A majority of our capital expenditures in connection with the repack occurred in 2018 and 2019. To date, we have incurred approximately $40.6 million in capital expenditures for the spectrum repack project (of which $4.9 million was paid during the first six months of 2020). We have received FCC reimbursements of approximately $34.1 million through June 30, 2020. The reimbursements were recorded as a contra operating expense within our “Spectrum repacking reimbursements and other, net” line item on our Consolidated Statement of Income and reported as an investing inflow on the Consolidated Statement of Cash Flows.
    
Related Party Transactions

We have an equity and debt investment in MadHive, Inc. (MadHive) which is a related party of TEGNA. In addition to our investment, we also have a commercial agreement with MadHive where they support our Premion business in acquiring and delivering over-the-top ad impressions. In the second quarter and first six months of 2020 and 2019, we incurred expenses of $13.7 million and $9.3 million, respectively, as a result of the commercial agreement with MadHive. As of June 30, 2020 and December 31, 2019 we had accounts payable and accrued liabilities associated with the commercial agreement of $4.2 million and $4.3 million, respectively.

Sale of minority ownership interest in Premion

On March 2, 2020, we sold a minority ownership interest in Premion, LLC (Premion) for $14.0 million to an affiliate of Gray Television (Gray). Gray is reselling Premion services across all of Gray’s 93 television markets. Our TEGNA stations and Gray will each have the right to independently sell Premion in markets where we both operate a local television station. The sale of spot television advertising is not part of this agreement, and Gray and our TEGNA stations will continue to sell spot advertising for our respective stations without any involvement from the other party.

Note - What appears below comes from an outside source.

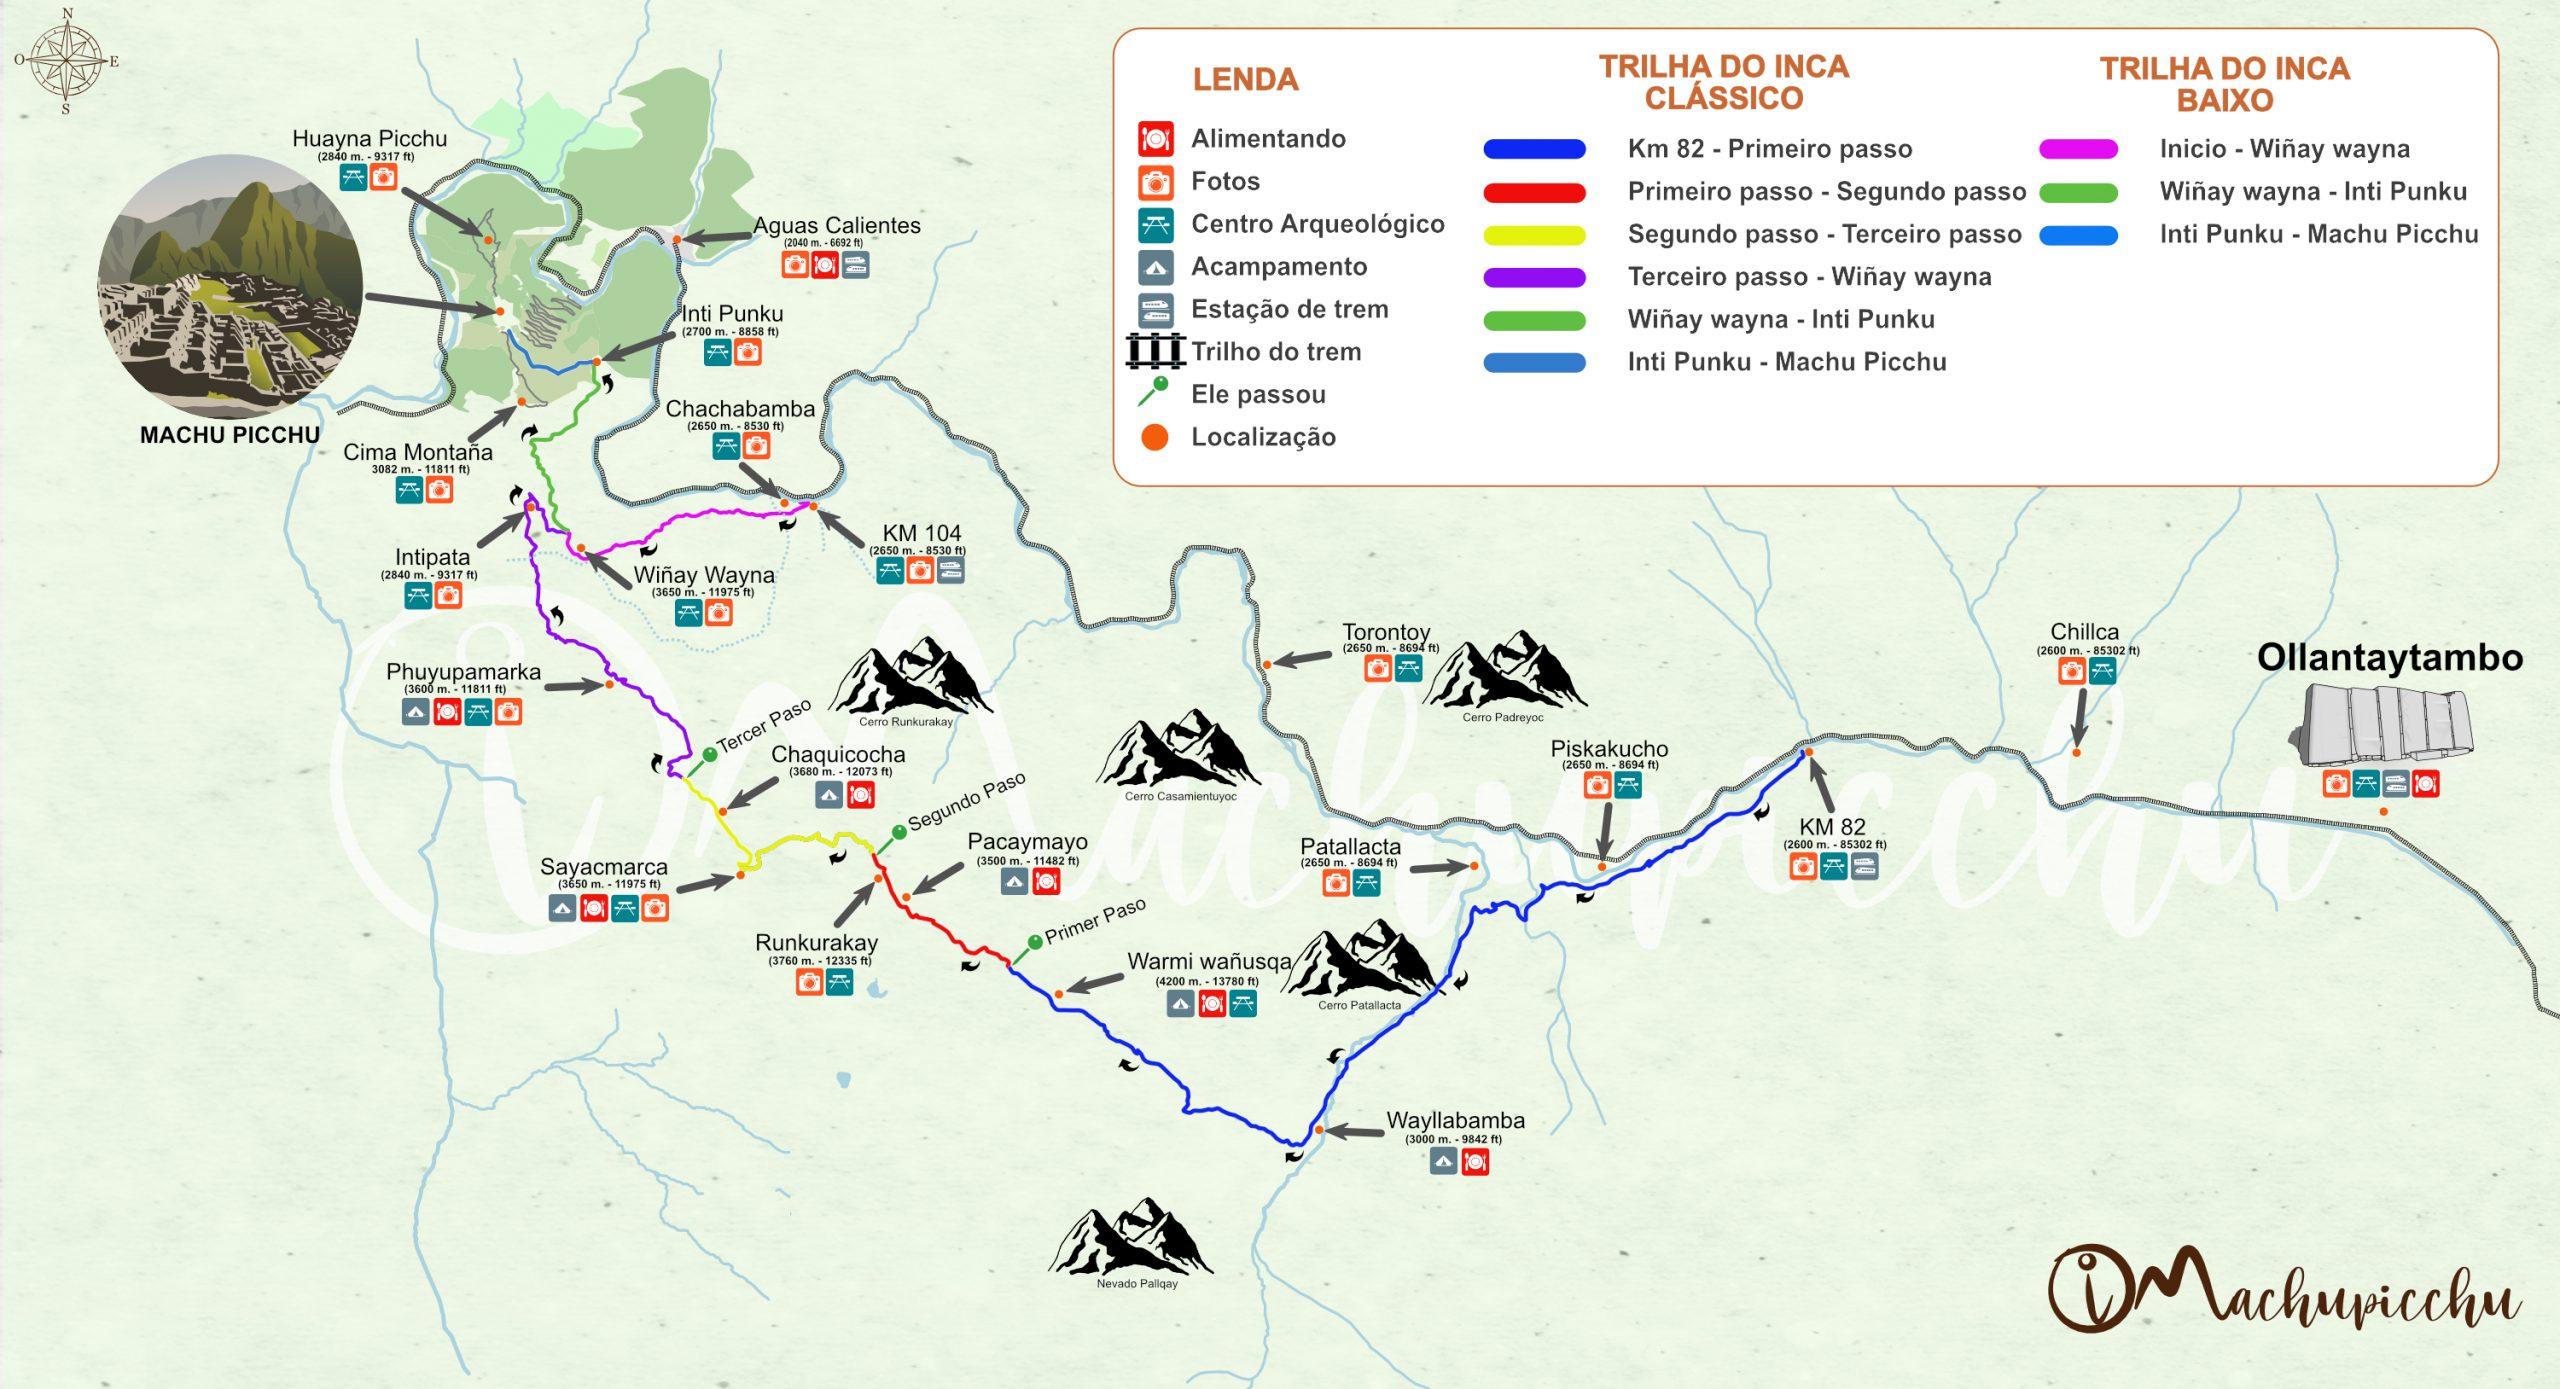 trilha-Inca-completa-br-full

In connection with acquiring a minority interest, Gray has the right to sell its interest to Premion if there is a change in control of TEGNA or if the commercial reselling agreement terminates. Since redemption of the minority ownership interest is outside our control, Gray’s equity interest is presented outside of the Equity section on the Condensed Consolidated Balance Sheet in the caption “Redeemable noncontrolling interest.” On the date of sale, we recorded a $14.0 million redeemable noncontrolling interest on the Condensed Consolidated Balance Sheet in connection with Gray’s investment. When the redemption value or the carrying value (the acquisition date fair value adjusted for the noncontrolling interest’s share of net income (loss) and dividends) is less than the redemption value, we adjust the redeemable noncontrolling interest to equal the redemption value with changes recognized as an adjustment to retained earnings. Any such adjustment, when necessary, will be performed as of the applicable balance sheet date.